According to Mandy, her daughter was suffering abnormal firings in her brain. She says doctors reported "20 sub clinical seizures and hour."

"It made a night and day difference, but for years we had been going through this over and over again," said Tim, who fought back tears describing how it felt to meet other families struggling with the same disease.

Out of State Inpatient Treatment Not Fully Covered by Insurance

The Meggenhofens only hope for long term specialized care was at the Bancroft facility in New Jersey.

United Healthcare agreed to cover the necessary medical treatment, but not room and board for the inpatient stay.

At the same time, Hancock County schools refused to sign off on Jocelyn's education at the facility. The Meggenhofens said they had pulled Jocelyn out of the public school system after they discovered she had gotten outside of a classroom undetected.

With no other options, the couple would have to come up with more than $100-thousand dollars to cover the cost for Jocelyn's education and round the clock care.

"It's not realistic for a family to try to cover that cost when insurance is saying they'll do the medical portion...It pretty much puts us dead in the water," said Tim.

Derrian Baker Case First Exposed Gaps in Treatment

No one knows the frustration of being unable to access the only care available for a child better than Dan and Debra Baker of Merrillville.

The Baker's son Derrian died last year in the midst of an insurance fight with Anthem Insurance, Indiana's Medicaid provider. The State denied Derrian an inpatient stay at the Children's Hospital of Pittsburgh to treat Prader Willi Syndrome or PWS, another rare disorder.
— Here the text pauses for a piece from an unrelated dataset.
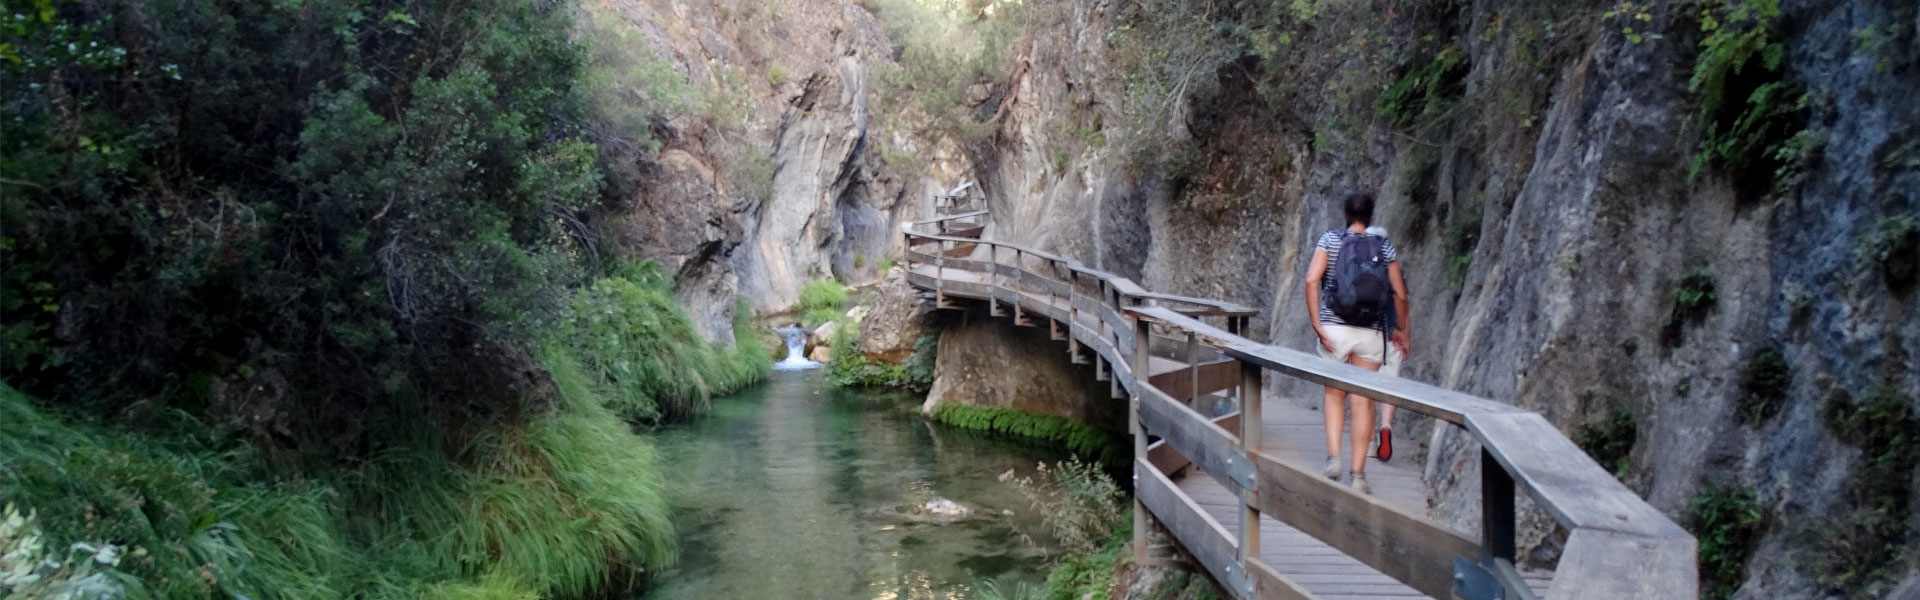 Cerrada de Elías en el río Borosa. Parque Natural de Cazorla, Segura y las Villas

"When you're dealing with these issues that create so much stress, you're just exhausted," explained Dan Baker.

"Sometimes these care providers have to let these kids go across state lines to get the help that they need," added Debra Baker.
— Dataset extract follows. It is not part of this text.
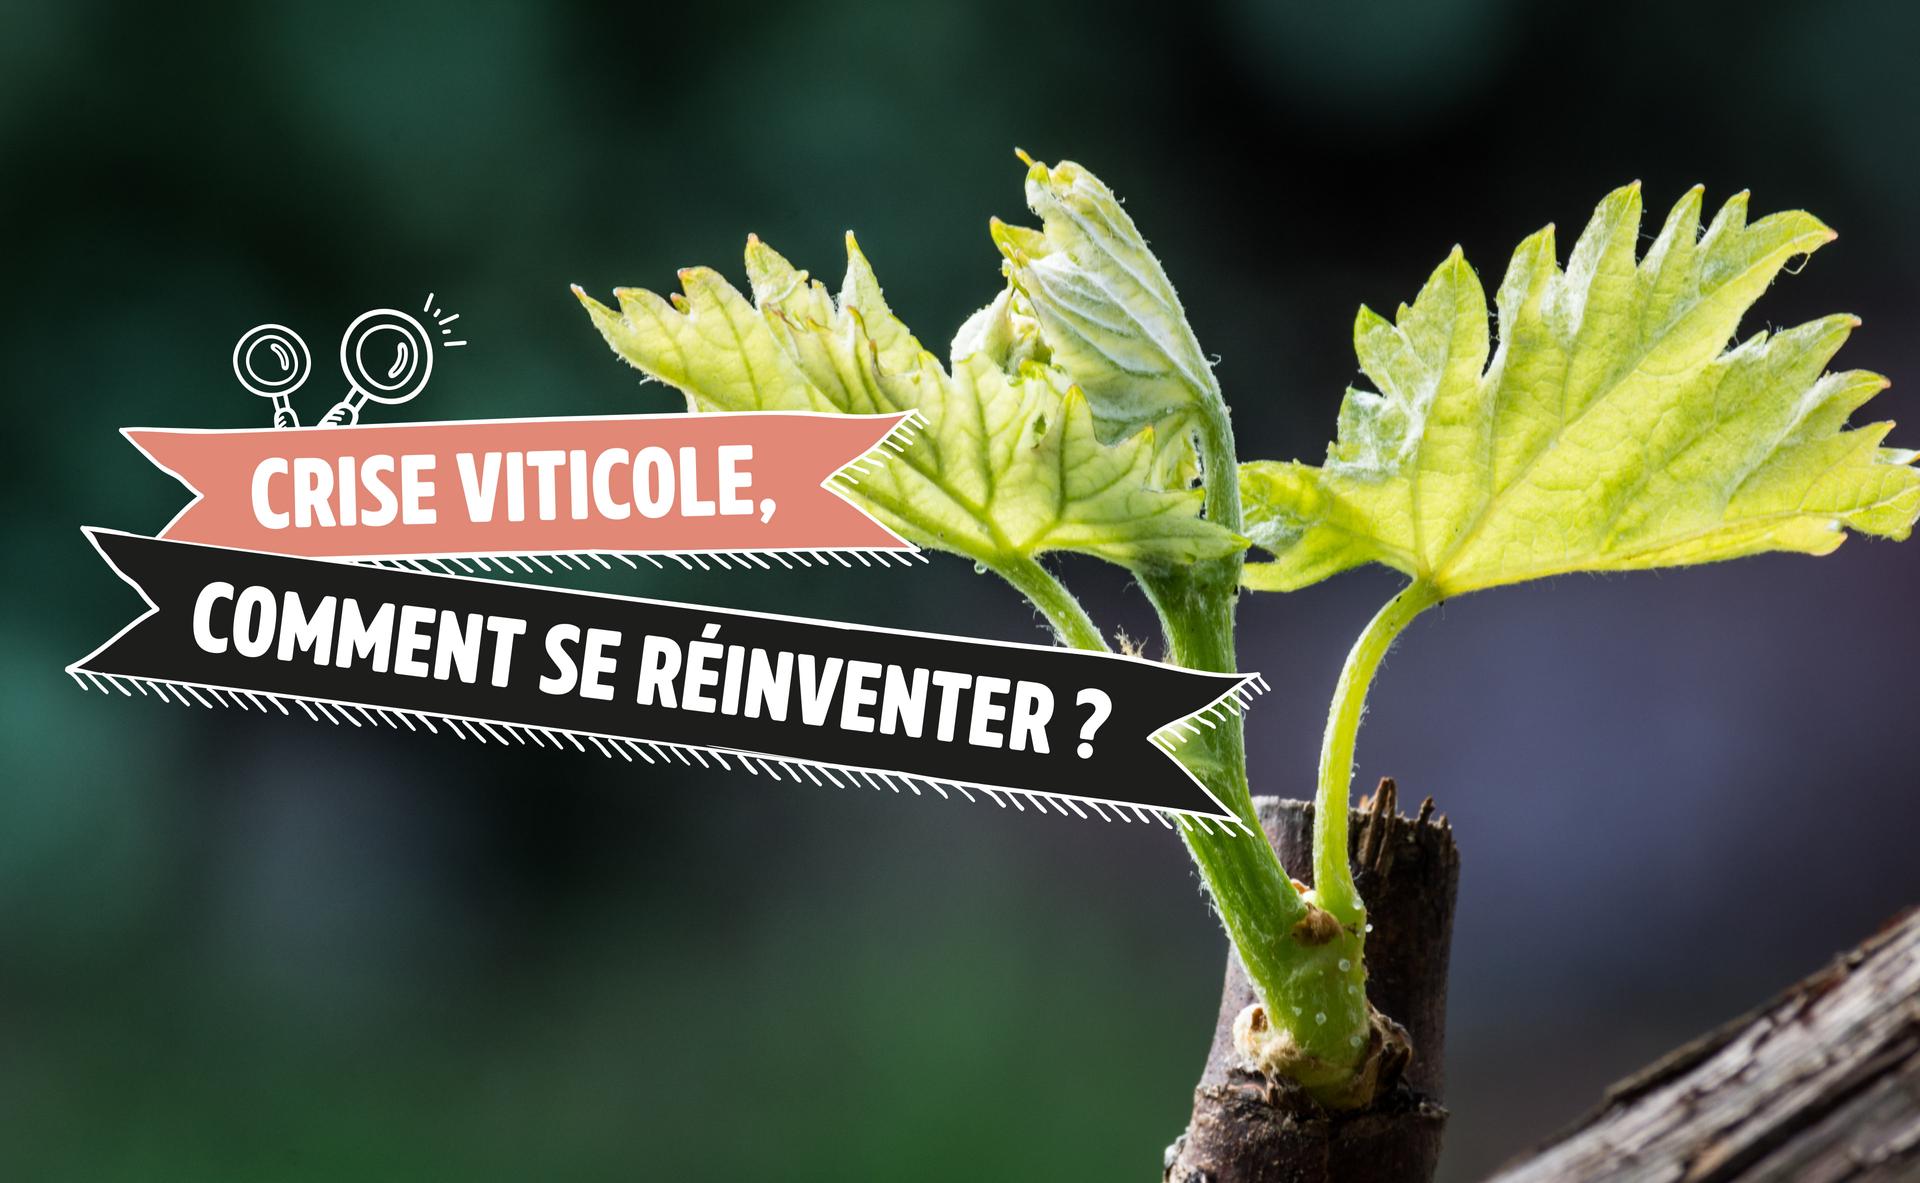 Crise viticole, comment les vigneronnes et vignerons peuvent-ils se réinventer ?

Derrian's parents have vowed to keep fighting for better treatment options on both the state and federal level.

Now they are getting the attention of Indiana congressmen.

Indiana Congressmen Carson and Visclosky Push for Rare Act

"My heart goes out to Derrian's family," said Congressman Andre Carson (D) Indiana.

"U.S. Rep. Andre Carson (D-IN) talks to Sandra Chapman about why he is proposing new legislation to help people dealing with rare diseases."

Carson and Congressman Ryan Costello (R) Pennsylvania introduced the bi-partisan RARE Act to support patients. Indiana's Peter Visclosky (D) Indiana, also signed on as a co-sponsor.

"We were concerned about the lack of funding, the lack of diagnostics, the lack of awareness from even physicians and healthcare providers," said Carson.

He told 13 Investigates more than 150-rare disease groups have signed onto the legislation.

"We need their help. We need their stories. We need their testimony," he said talking about the groups representing approximately 7-thousand rare diseases in the U.S. "We appreciate your work and 13's work for covering this," Carson continued, highlighting WTHR's previous reports about Derrian Baker and now the legislative efforts and Jocelyn Meggenhofen's case.

Since December Jocelyn's condition has deteriorated. She lost her ability to walk. In July she was finally admitted to Especially Kids in Shelbyville, a pediatric rehabilitative hospital. Attempts to get her into Especially Kids were denied earlier because she was "too mobile" under facility guidelines.

For now, it is the best answer to a complicated healthcare issue. Jocelyn is getting round the clock care and she's happy.

But that could all change. The Meggenhofens don't know how long the State will allow Jocelyn to stay there, she has to be certified every 90-days.

Bill Seeks $10M Funding Annually

Sponsors of the RARE Act are asking Congress for $10-million dollars in annual funding for research and treatment and another $5-Million a year to create a registry to help the Centers for Disease Control to track rare diseases.

No appropriations were approved for 2019. The Bill remains in committee.

Carson told 13 Investigates the debate for better treatment and healthcare will continue as he and bi-partisan sponsors work to bring more attention to rare diseases.